Since I majored in mathematics and do software development for a living, I've chosen this book as a focal point for actively improving my skills and the quality of the work that I do. The best way for me to get the most out the book is to read it carefully, memorize the definitions, prove the lemmas, do the exercises, and publish all that work for others to see and criticize. If you have any comments, you can email me or submit a pull request on this file: https://github.com/tlehman/elem-prog

I wrote this in org-mode in the Emacs text editor. The main benefit is being able to edit and eval code directly in the same file as these notes. I export the org text to an html file that uses the MathJax library to render math symbols using LaTeX, it's pretty awesome :)
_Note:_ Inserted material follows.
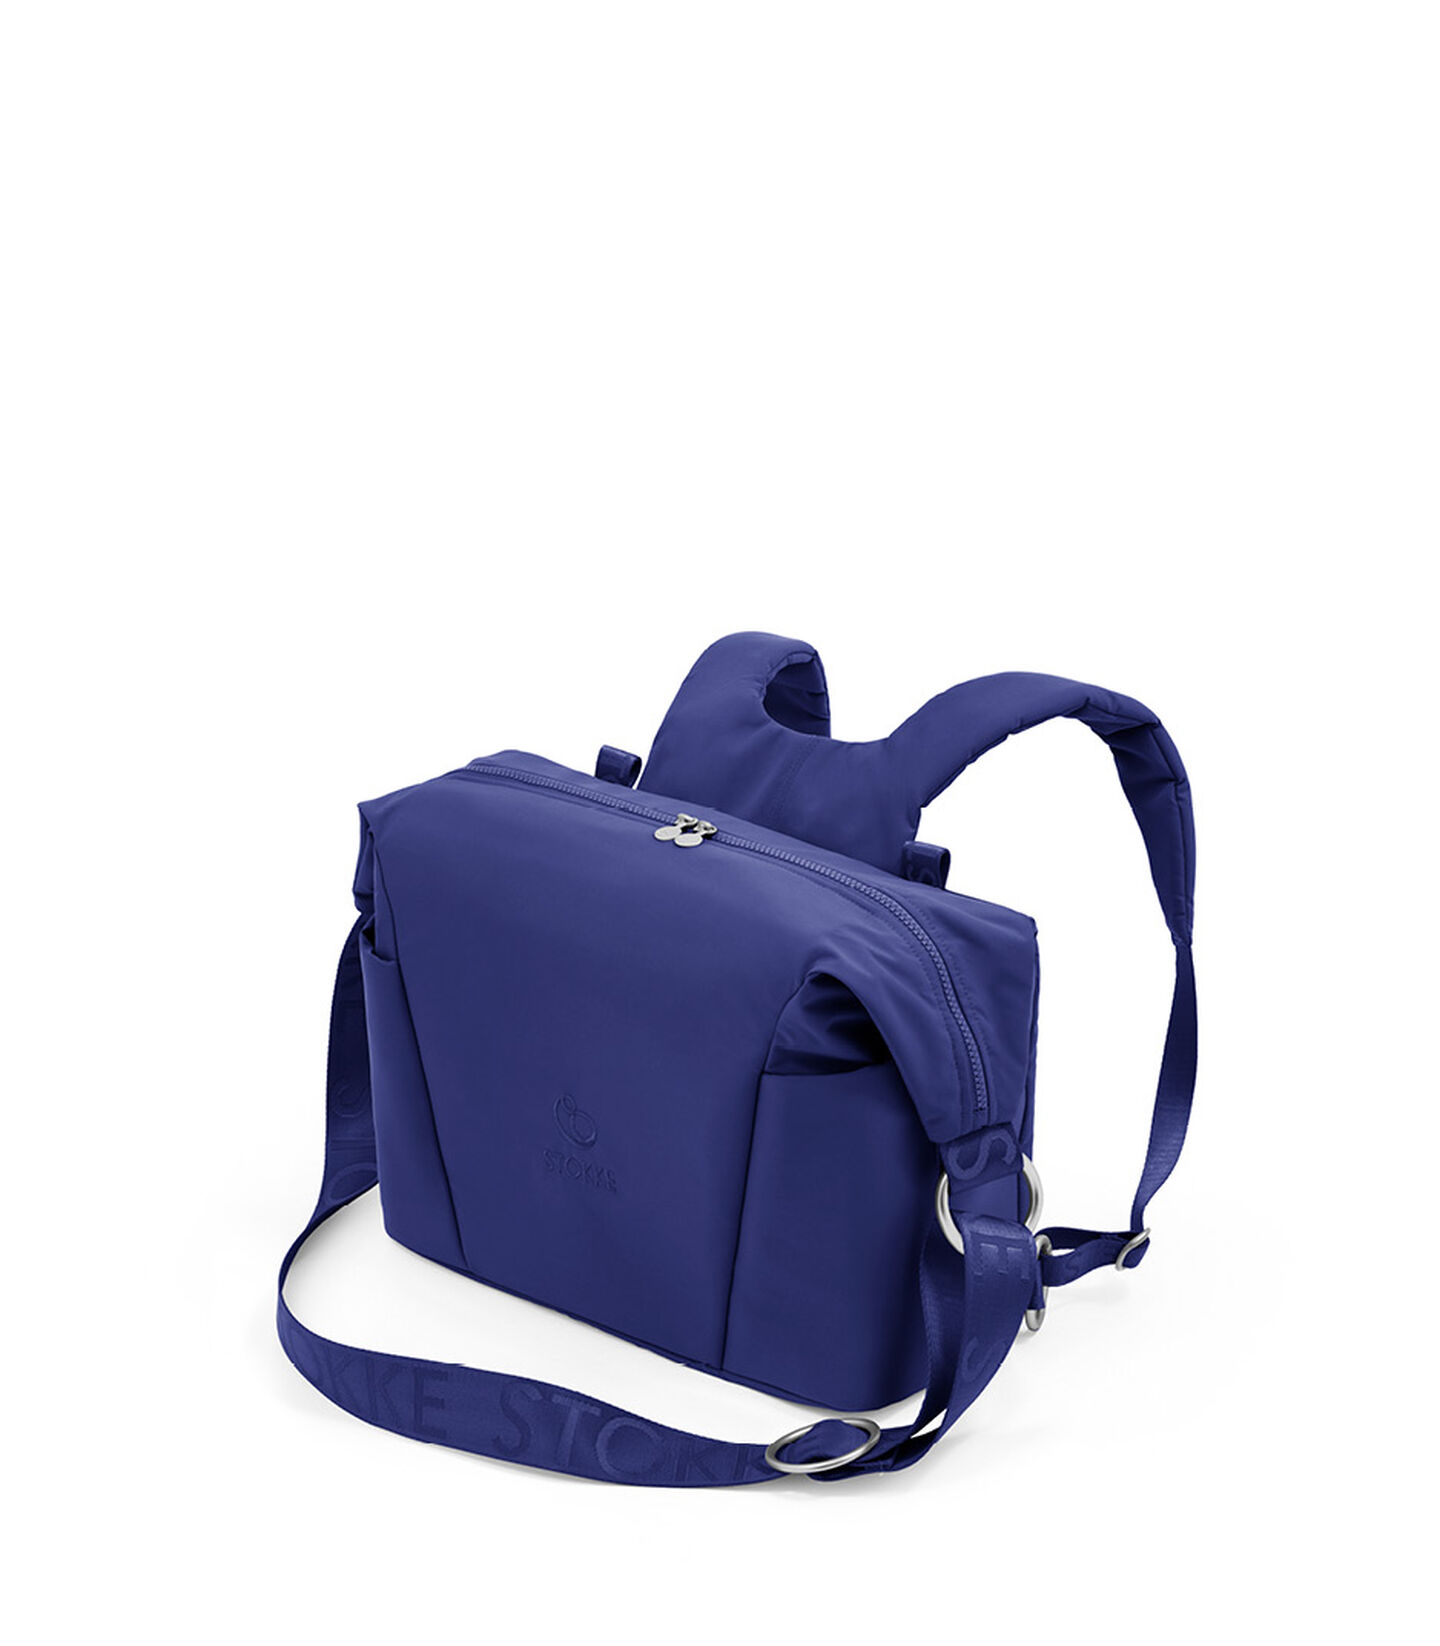 Stokke® Xplory® X Changing bag Royal Blue, Royal Blue, mainview view 1

Success for this note-taking and reading will be if you can get as much out of the book from reading this document as I did reading the book and writing this. My goal is distillation of the whole book.

2 Chapter 1: Foundations

Programming is all about manipulating objects (e.g. 42), those objects have types (e.g. int), and those types cluster together into similar concepts (e.g. numbers).

2.1 Entity

2.1.1 Abstract entity

An individual thing that is eternal and unchanging. For example, the number 42.

2.1.2 Concrete entity

An individual thing that comes into existence in space and time. For example,

int n = 42;

The particular concrete entity n will only exist as long as it's in scope in the program, then it will eventually be overwritten.

2.2 Species

2.2.1 Abstract species

Describes properties of essentially equivalent abstract entities. Types are examples of species.

2.2.2 Concrete species

Describes properties of essentially equivalent concrete entities. Types are examples of species.

2.3 Genus

2.3.1 Abstract genus

A set of abstract species with properties in common. Examples: numbers and vector spaces are each genera (plural of genus)

2.3.2 Concrete genus

A set of concrete species with properties in common.

2.4 Data

A datum is a finite string of 0 s and 1 s. Data is the plural of datum. A datum corresponding to a particular entity is said to represent that entity.

2.5 Interpretation

The entity that corresponds to a datum is the interpretation of that datum.

2.6 Values

A value is a datum together with it's interpretation.

2.7 Equality

Two values are equal if they refer to the same abstract entity. This may sound circular, but it doesn't have to be, it reduces equality of values to equality in the mathematical theories those values model. For example, if the int type models ℤ, the integers, then we can use the definition of equality as equality of integers. Those integers are not values in our program, they are abstract entities, so there is no circularity, it just "bottoms out" in the Platonic realm.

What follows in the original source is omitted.